Task statement: Reproduce the lines of the material exactly, excluding every image.
━━━━━ Recorded information
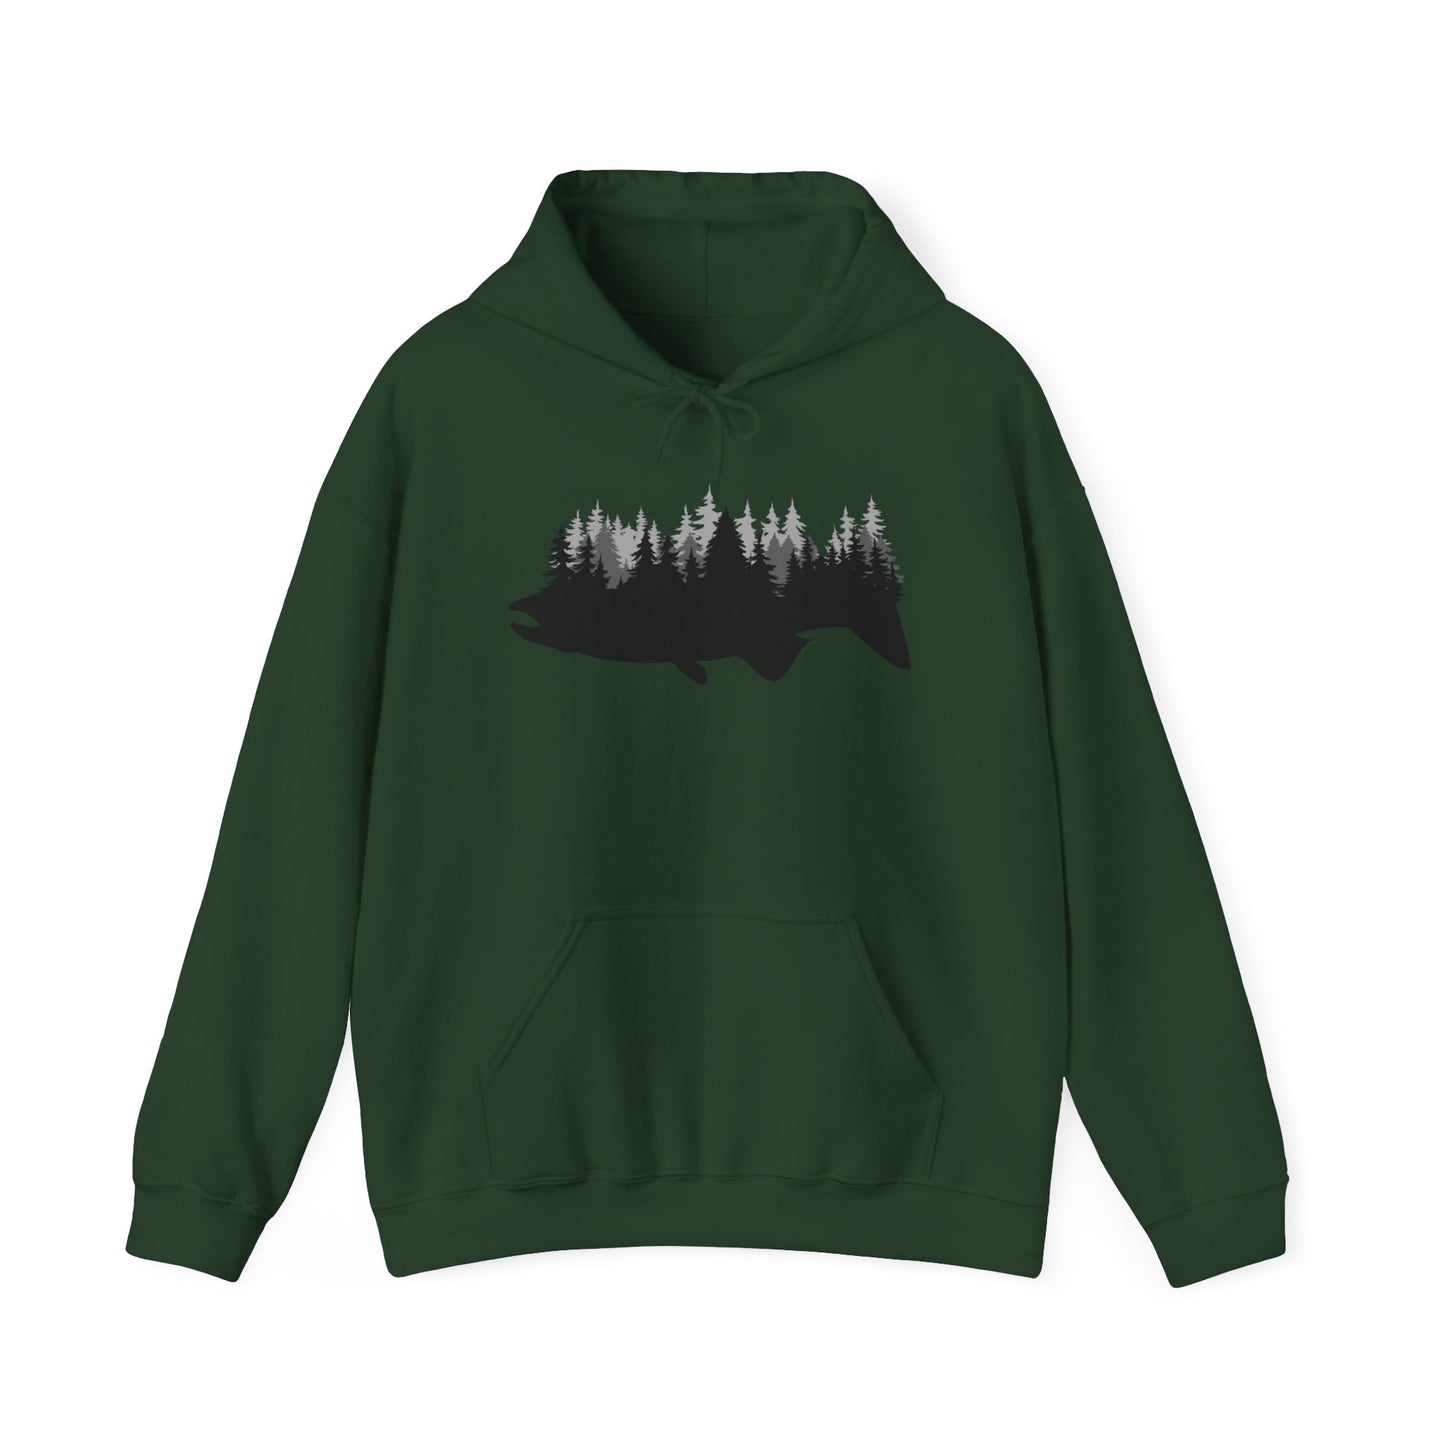 Fishing Hooded Sweatshirt For Angler Hoodie
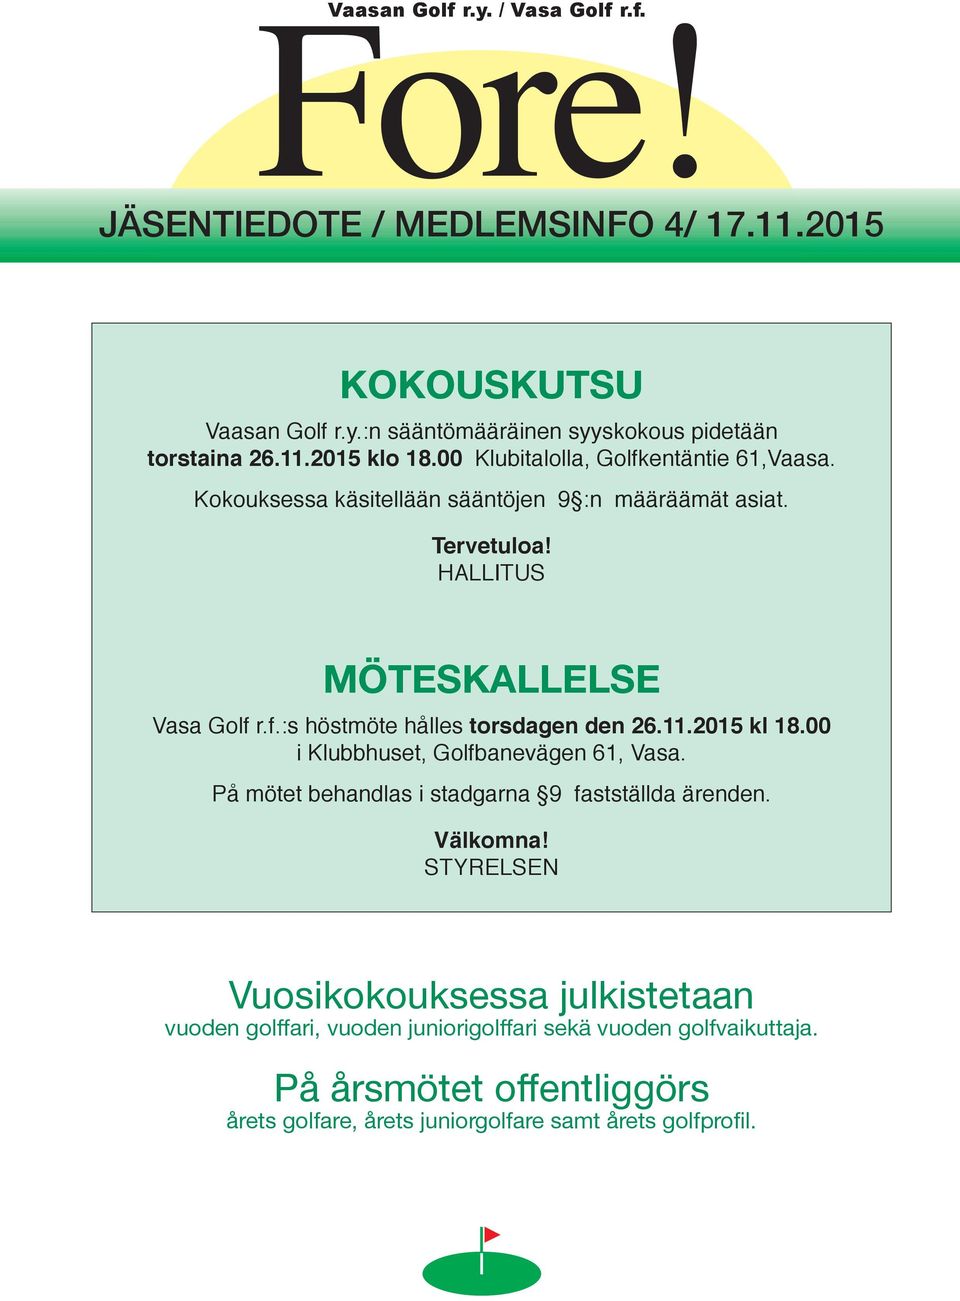 11.2015 kl 18.00 i Klubbhuset, Golfbanevägen 61, Vasa. På mötet behandlas i stadgarna 9 fastställda ärenden. Välkomna!
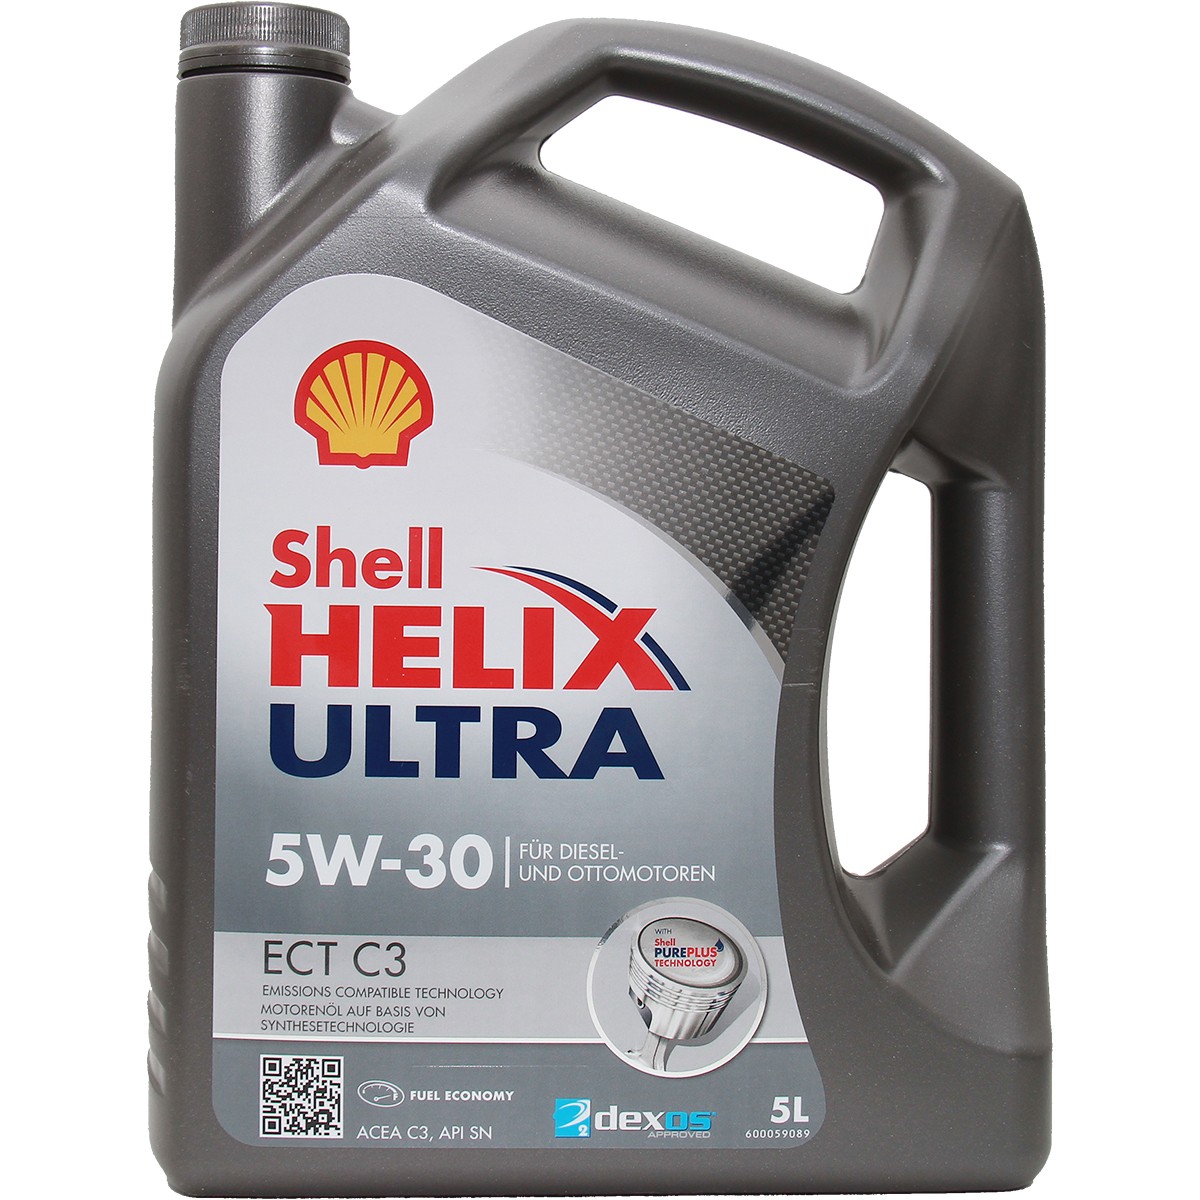 Buy Car oil SHELL diesel 550042845 Helix, Ultra ECT C3 5W-30, 5l
━━━━━━━━━━
Answer to this exercise:
 Fishing Hooded Sweatshirt For Angler Hoodie
 11.2015 kl 18.00 i Klubbhuset, Golfbanevägen 61, Vasa. På mötet behandlas i stadgarna 9 fastställda ärenden. Välkomna!
 Buy Car oil SHELL diesel 550042845 Helix, Ultra ECT C3 5W-30, 5l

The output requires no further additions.